• [Dataset section]
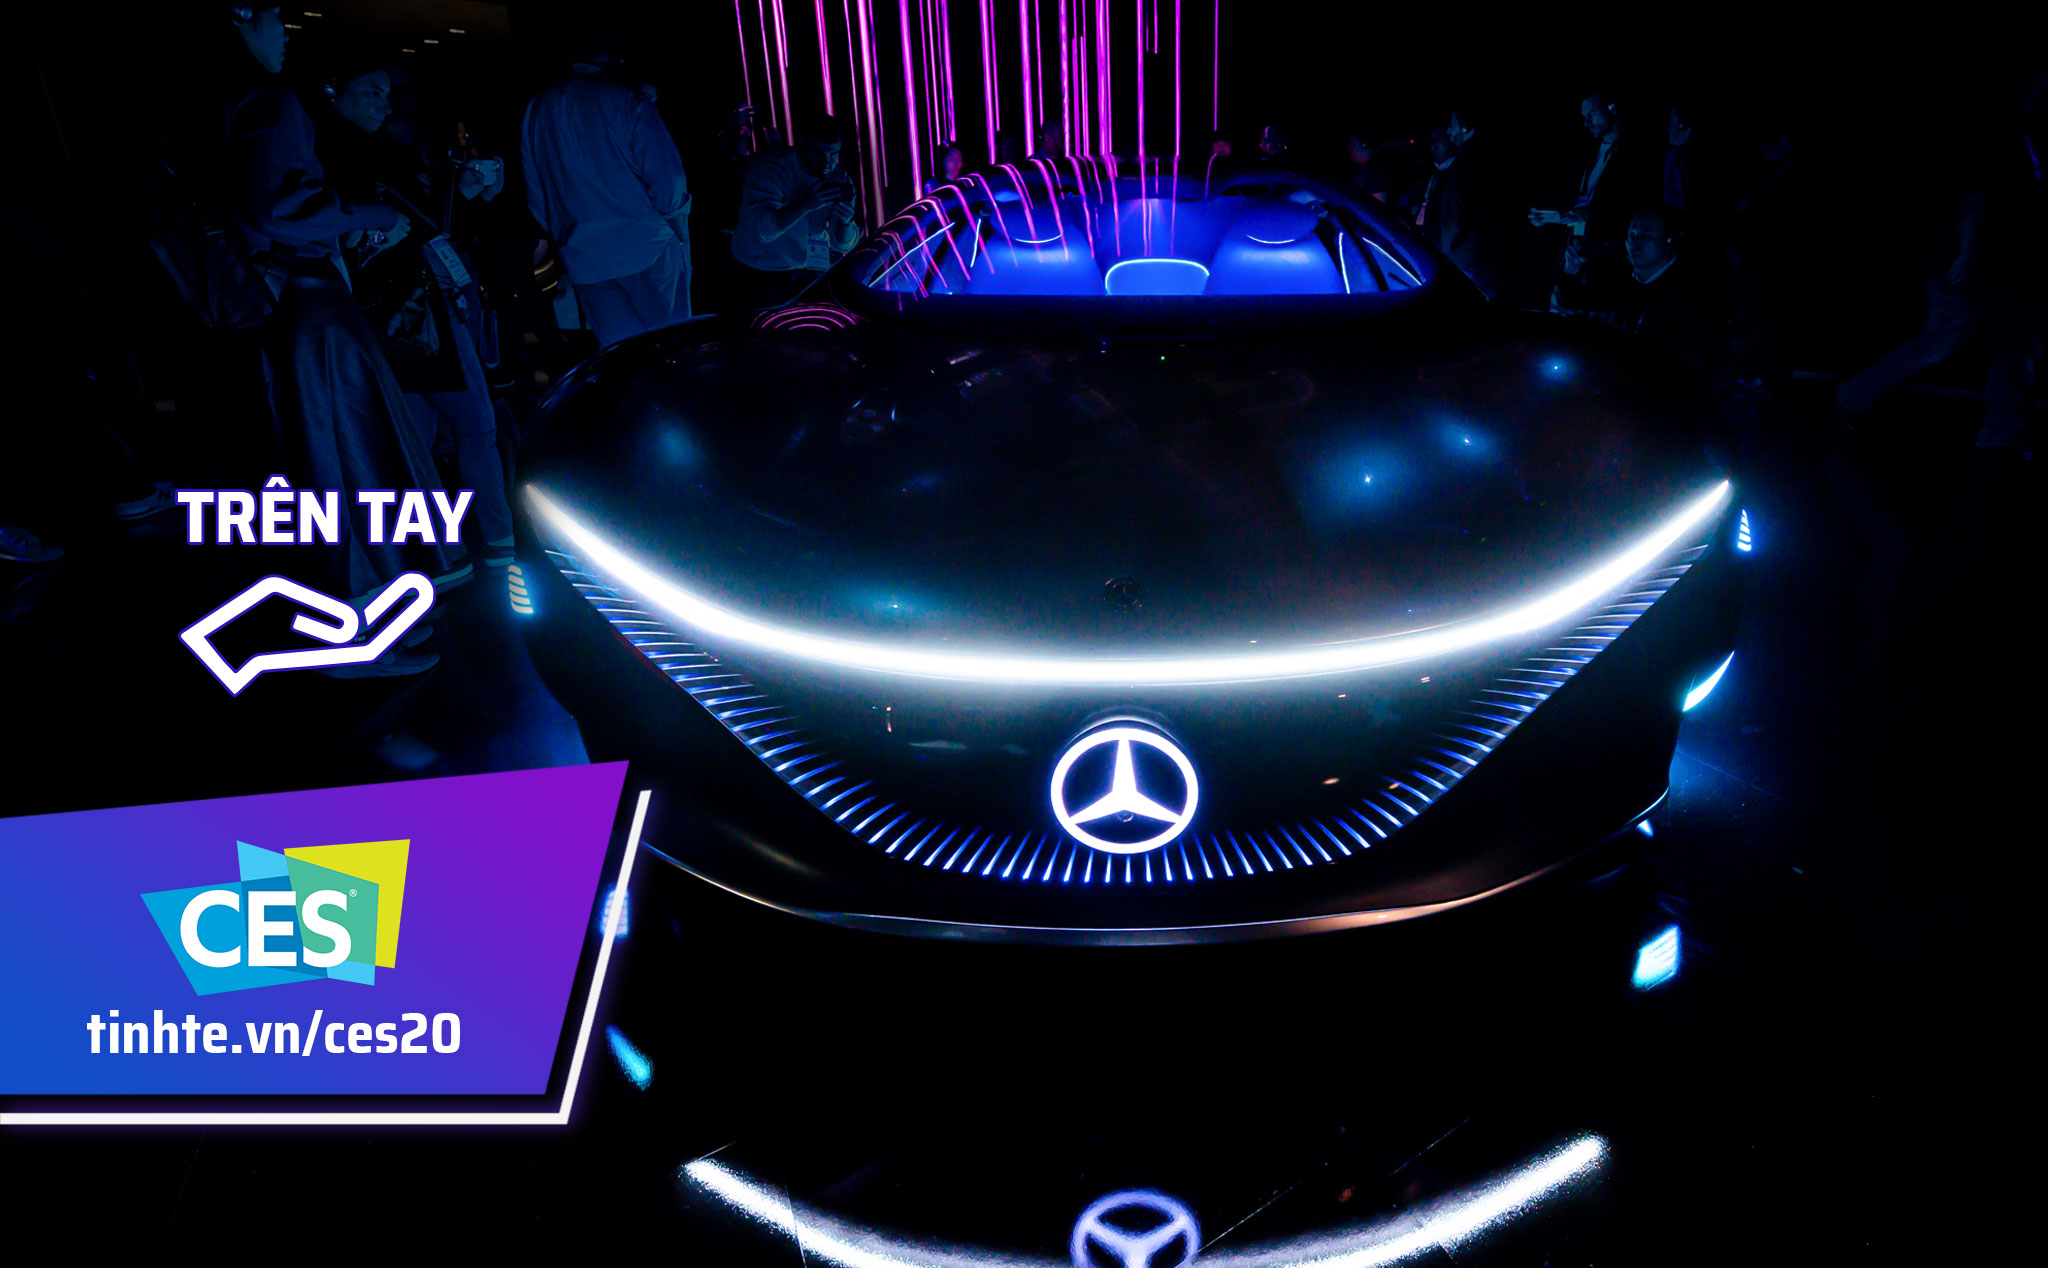 #CES20: Trên tay concept Mercedes Vision AVTR bước ra từ phim Avatar
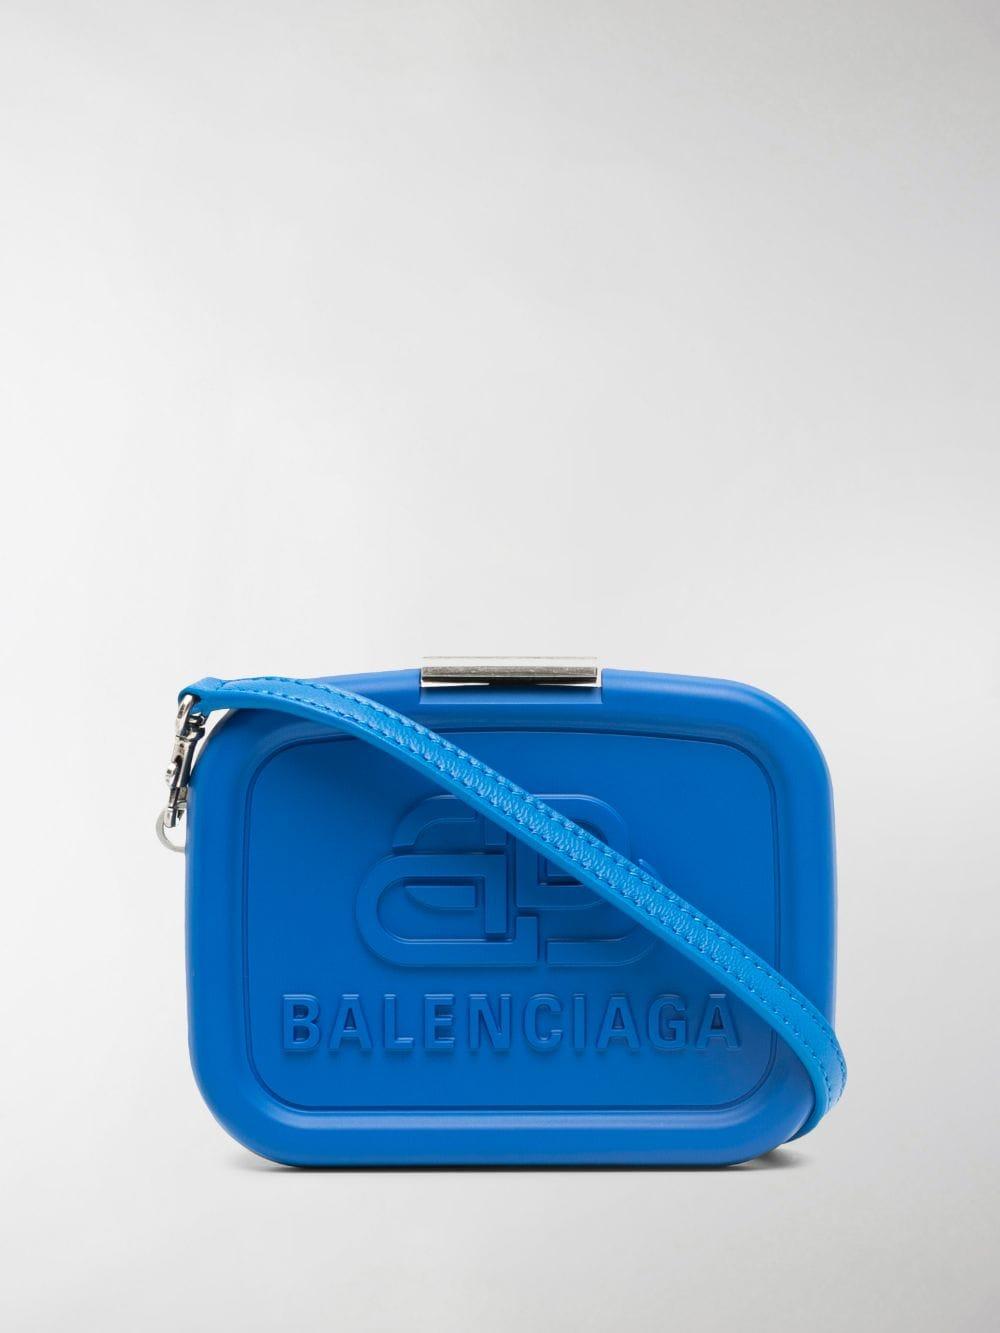 Balenciaga Lunch Box Mini Leather Case Bag in Blue - Lyst
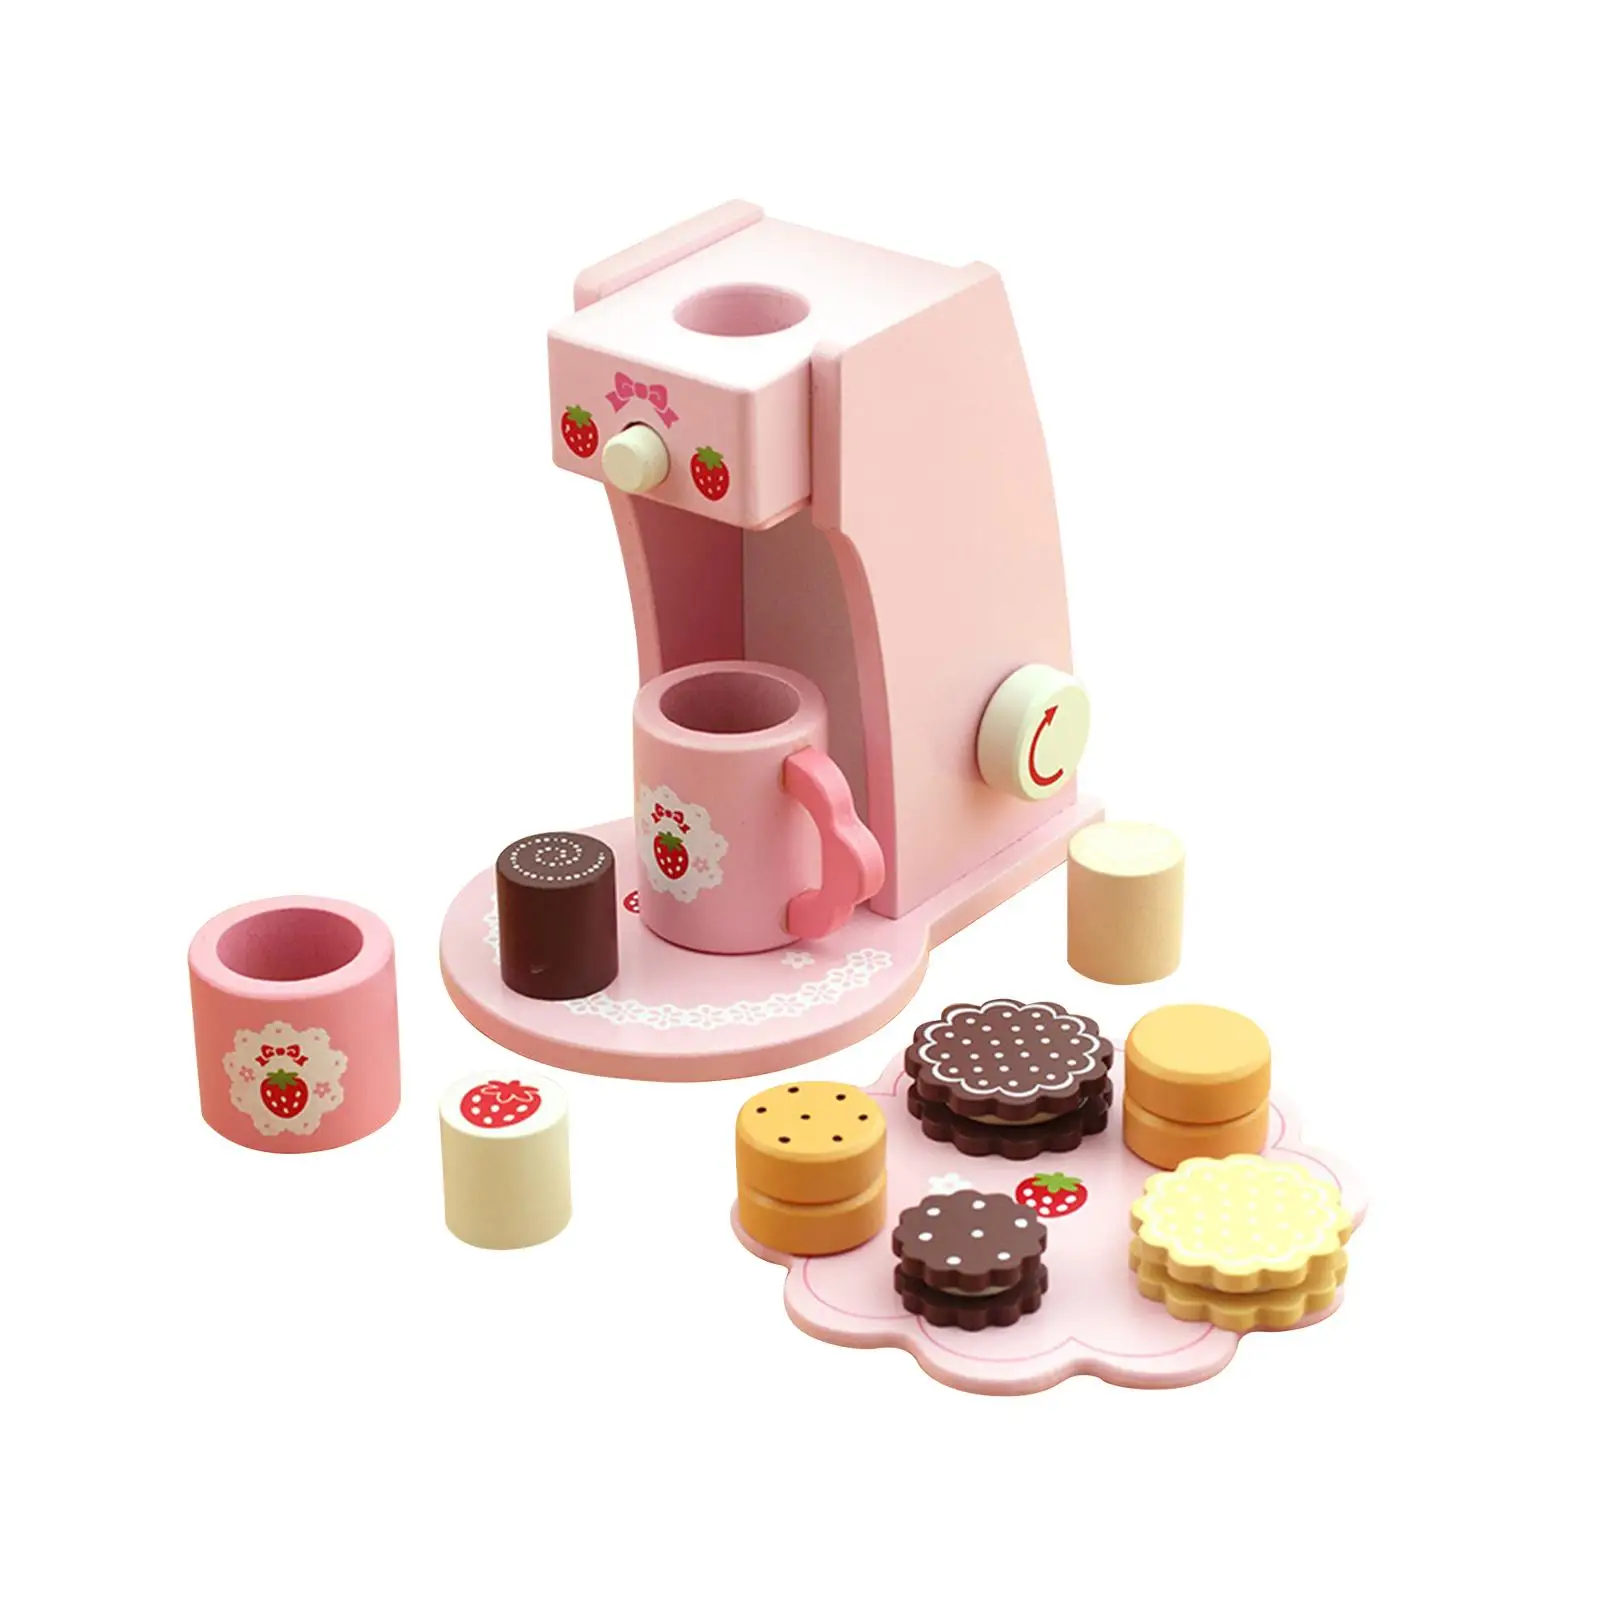 Wooden Kitchen Toys kitchen Playset for toddlers Children Birthday Gift
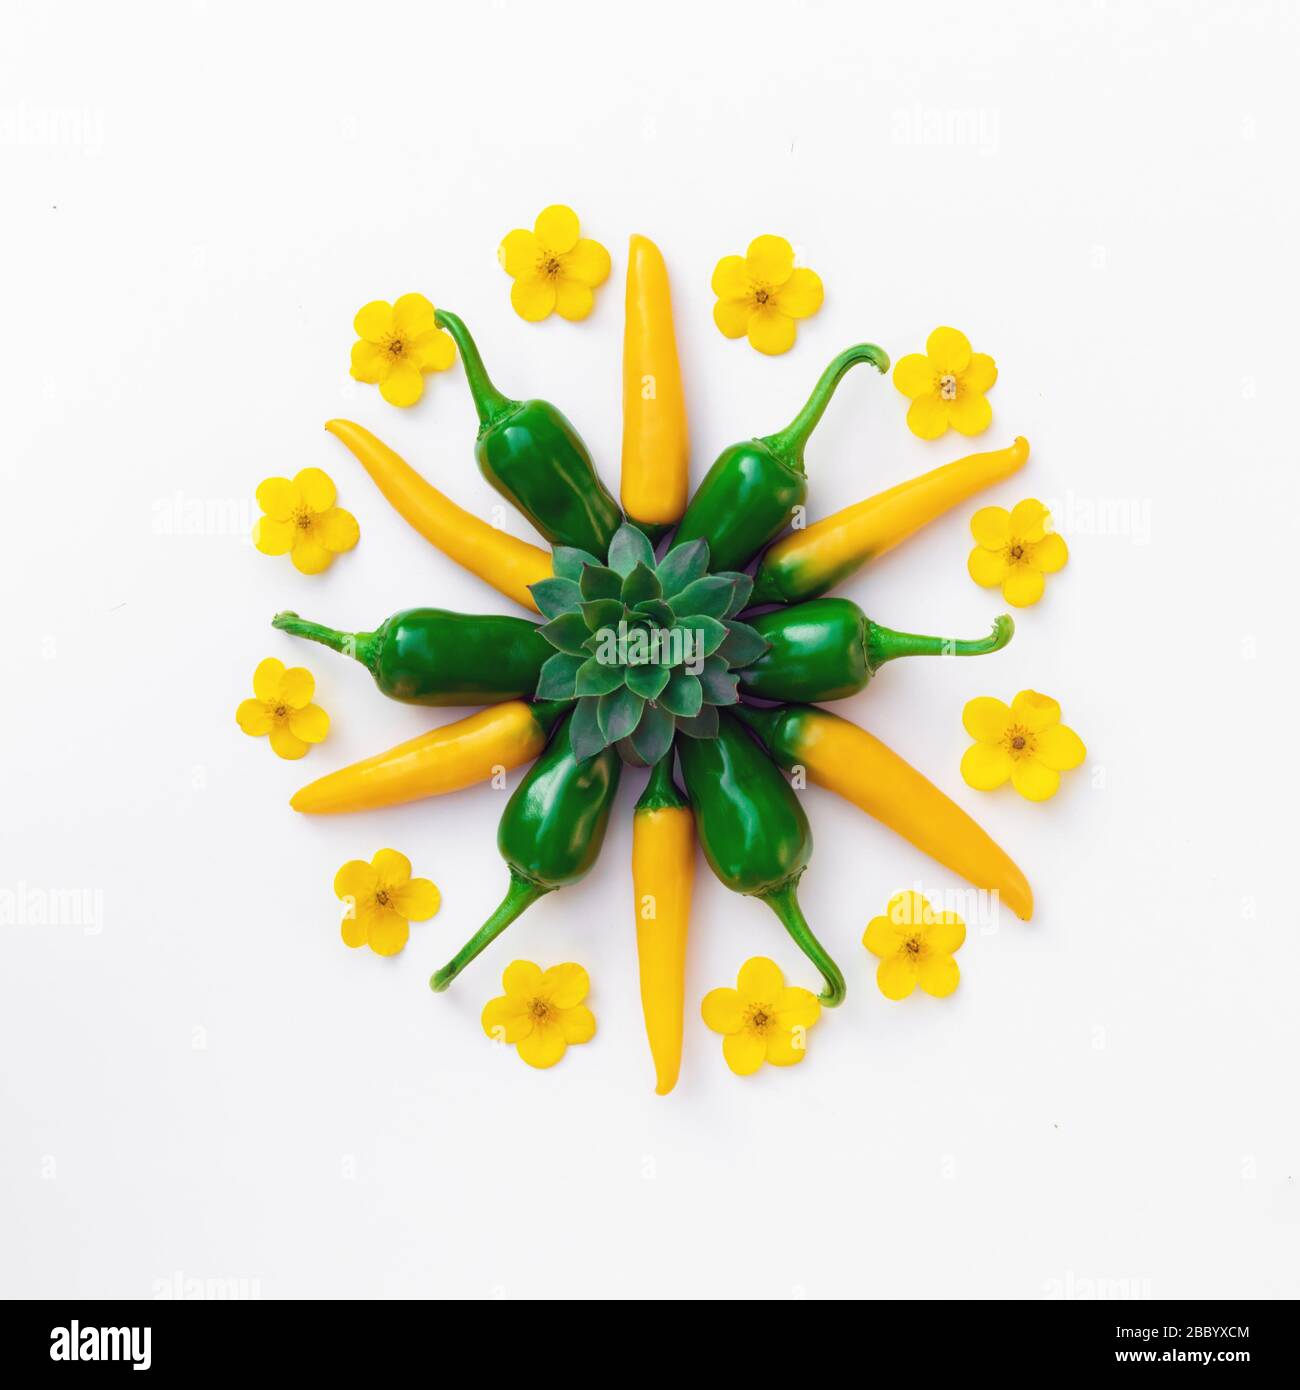 Poivrons chauds jaunes et verts avec compositions de fleurs. Photographie alimentaire Banque D'Images

• [What you need to do] The whole listing, pictures excluded, should be output exactly.

• [Result below]
 #CES20: Trên tay concept Mercedes Vision AVTR bước ra từ phim Avatar
 Balenciaga Lunch Box Mini Leather Case Bag in Blue - Lyst
 Wooden Kitchen Toys kitchen Playset for toddlers Children Birthday Gift
 Poivrons chauds jaunes et verts avec compositions de fleurs. Photographie alimentaire Banque D'Images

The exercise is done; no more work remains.